The Dataset extensions also provide one new method, project, that performs a type-safe projection from one case class to another:

case class Info(name: String, email: String)

val info: Dataset[Info] = users.project[Info]
// ds.select(ds.col("name"), ds.col("email")).as[Info]

The projection is by column name (regardless of order) and the compiler validates that the needed columns exist and have the correct types.

Many of the Dataset extension methods can be re-written using the name/column methods:

// these compile to the same expression
// ds.orderBy("id", "name")
users.orderByFrom(_.id, _.name)
users.orderBy(users.nameFrom(_.id), users.nameFrom(_.name))
users.orderBy(nameFrom[User](_.id), nameFrom[User](_.name))

// these compile to an equivalent expression
users.orderBy(users.colFrom(_.id), users.colFrom(_.name))
users.orderBy(users.colsFrom(_.id, _.name): _*)
users.orderBy(colFrom[User](_.id), colFrom[User](_.name))
users.orderBy(colsFrom[User](_.id, _.name): _*)

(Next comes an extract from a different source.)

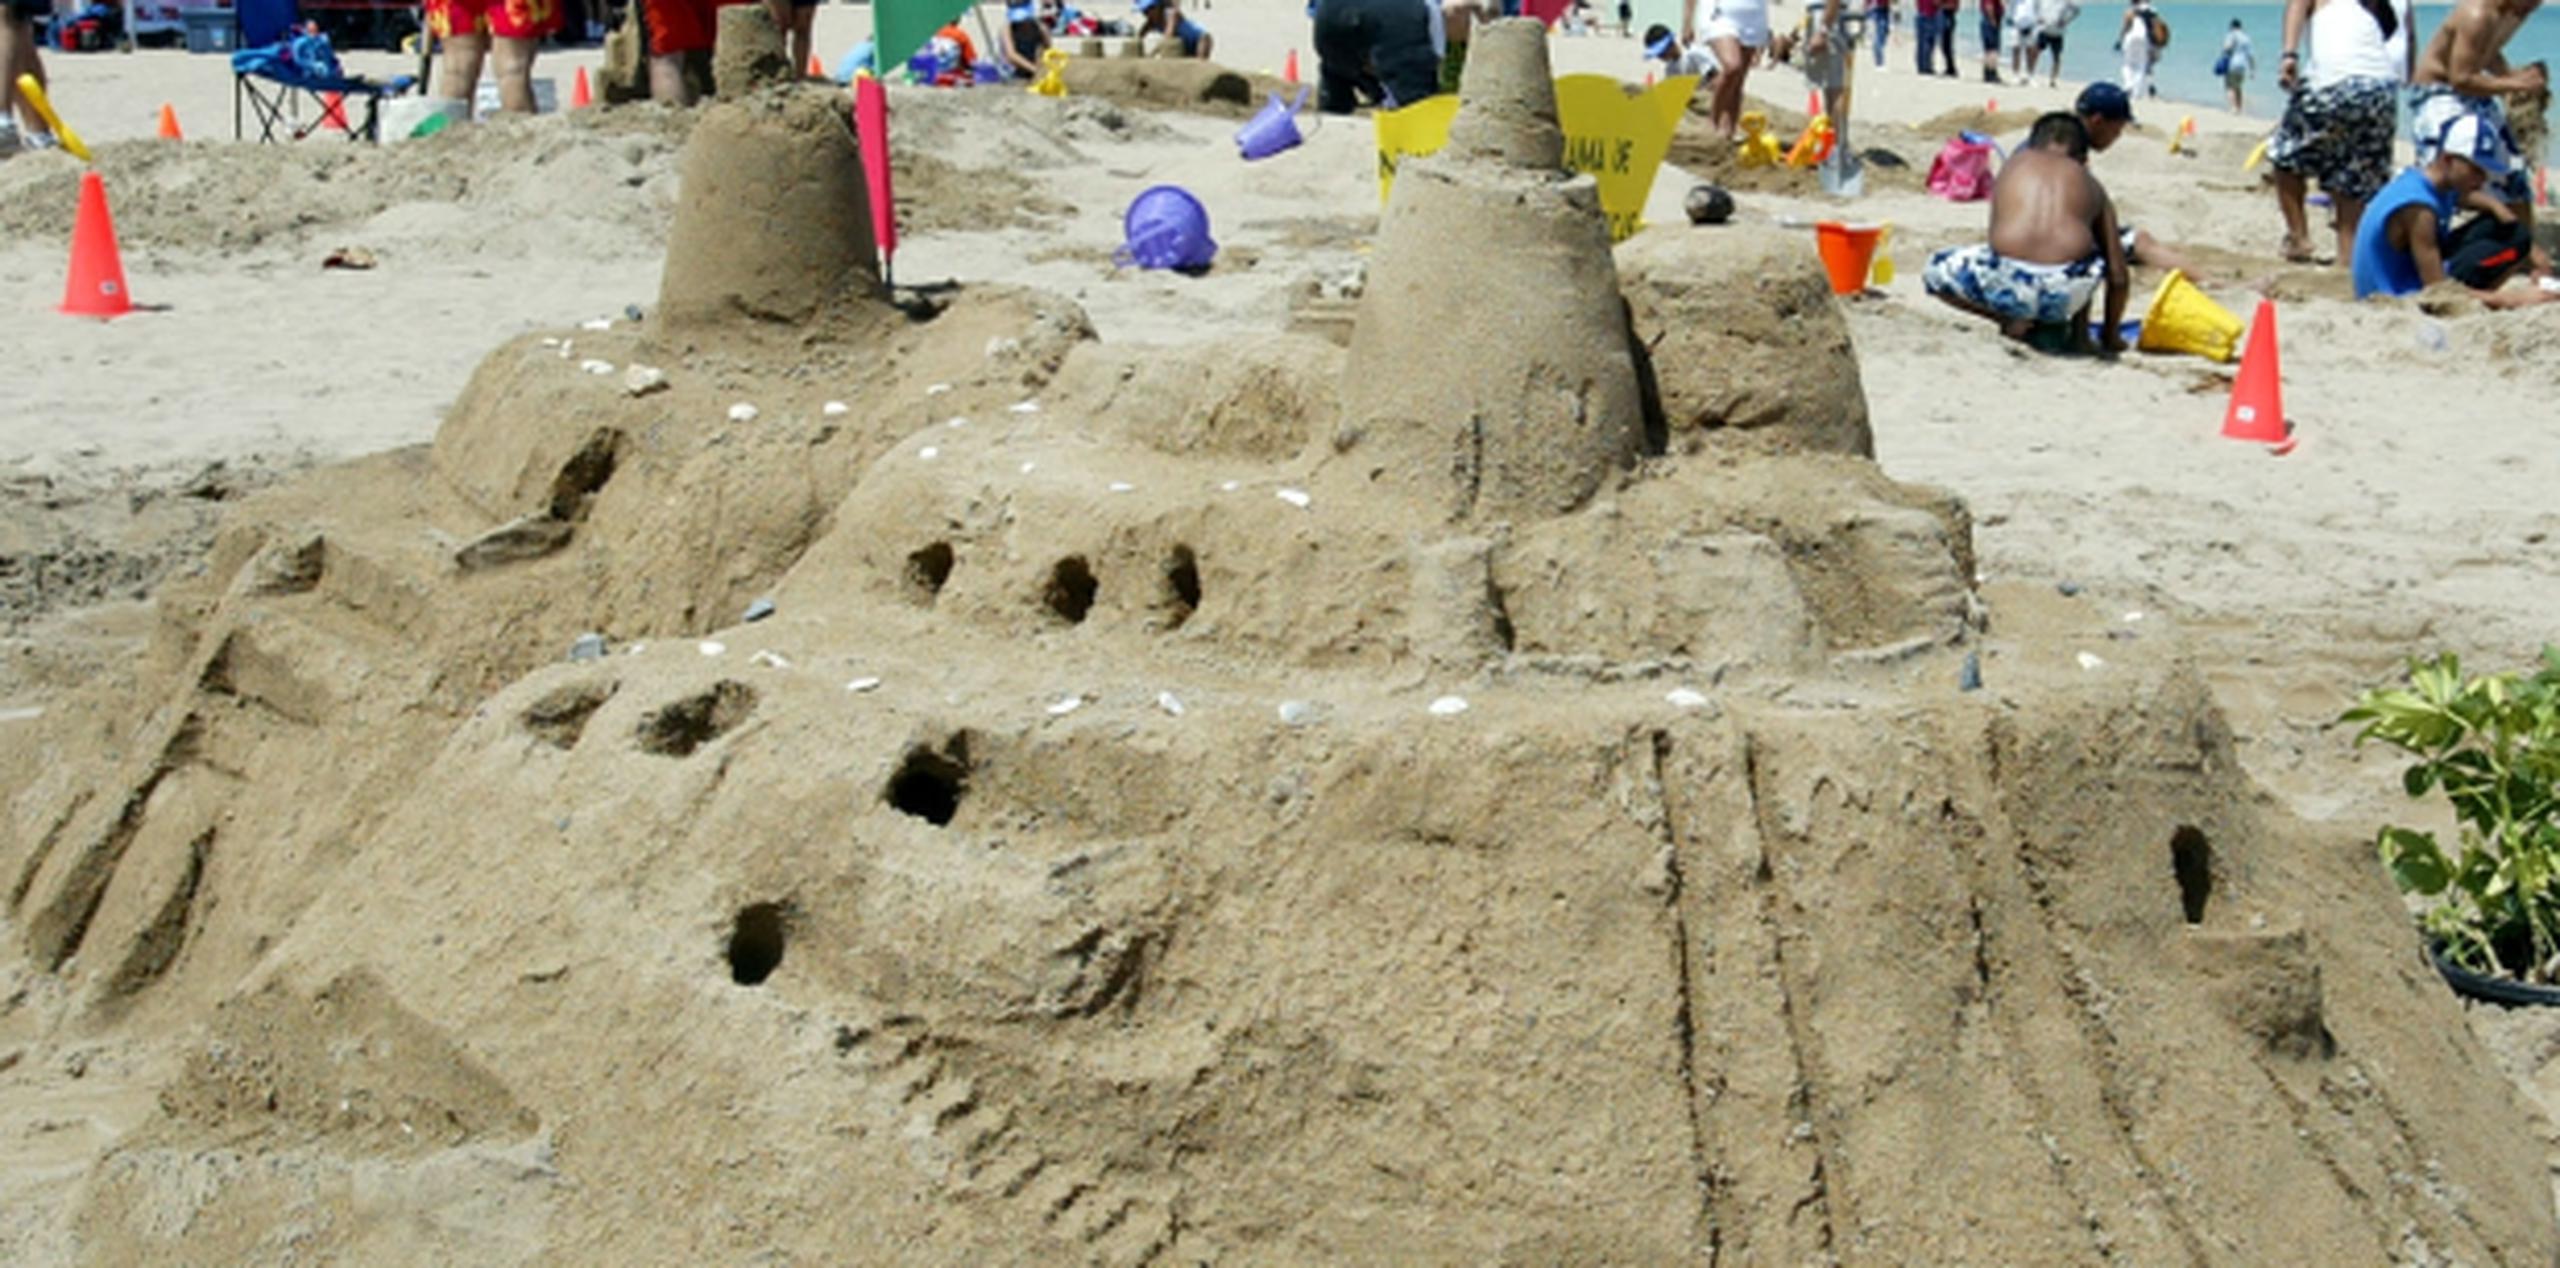 Las personas que construyan la mayor cantidad de castillos de arena obtendrán 1,500 dólares de premio. (Archivo)

However, using the extension methods is recommended when possible because they reduce boilerplate and help ensure columns are used in the correct context:

// will succeed at runtime
// the columns are derived from the type of the dataset, so they must be valid on the dataset
users.orderByFrom(_.id, _.name)

// will fail at runtime
// although userId is a valid Post column, it is not a valid column on the users dataset
users.orderBy(nameFrom[Post](_.userId))
users.orderBy(colFrom[Post](_.userId))

// will fail at runtime
// although id is a valid posts column and is also a present on the users dataset, the column
// references the posts dataset and is not actually available on the users dataset
users.orderBy(posts.colFrom(_.id))

// will succeed at runtime, but is fragile to refactoring
// id is a valid Post column and is also present on the users dataset, but it succeeds only 
// because the column is specified by name and the names coincidentally match
// refactoring the name of the column on User or Post will cause failure at runtime
users.orderBy(nameFrom[Post](_.id))

In general, the type-safety added by Spark Typed Ops is for column access, not for column usage. Be careful that columns are used in an appropriate context.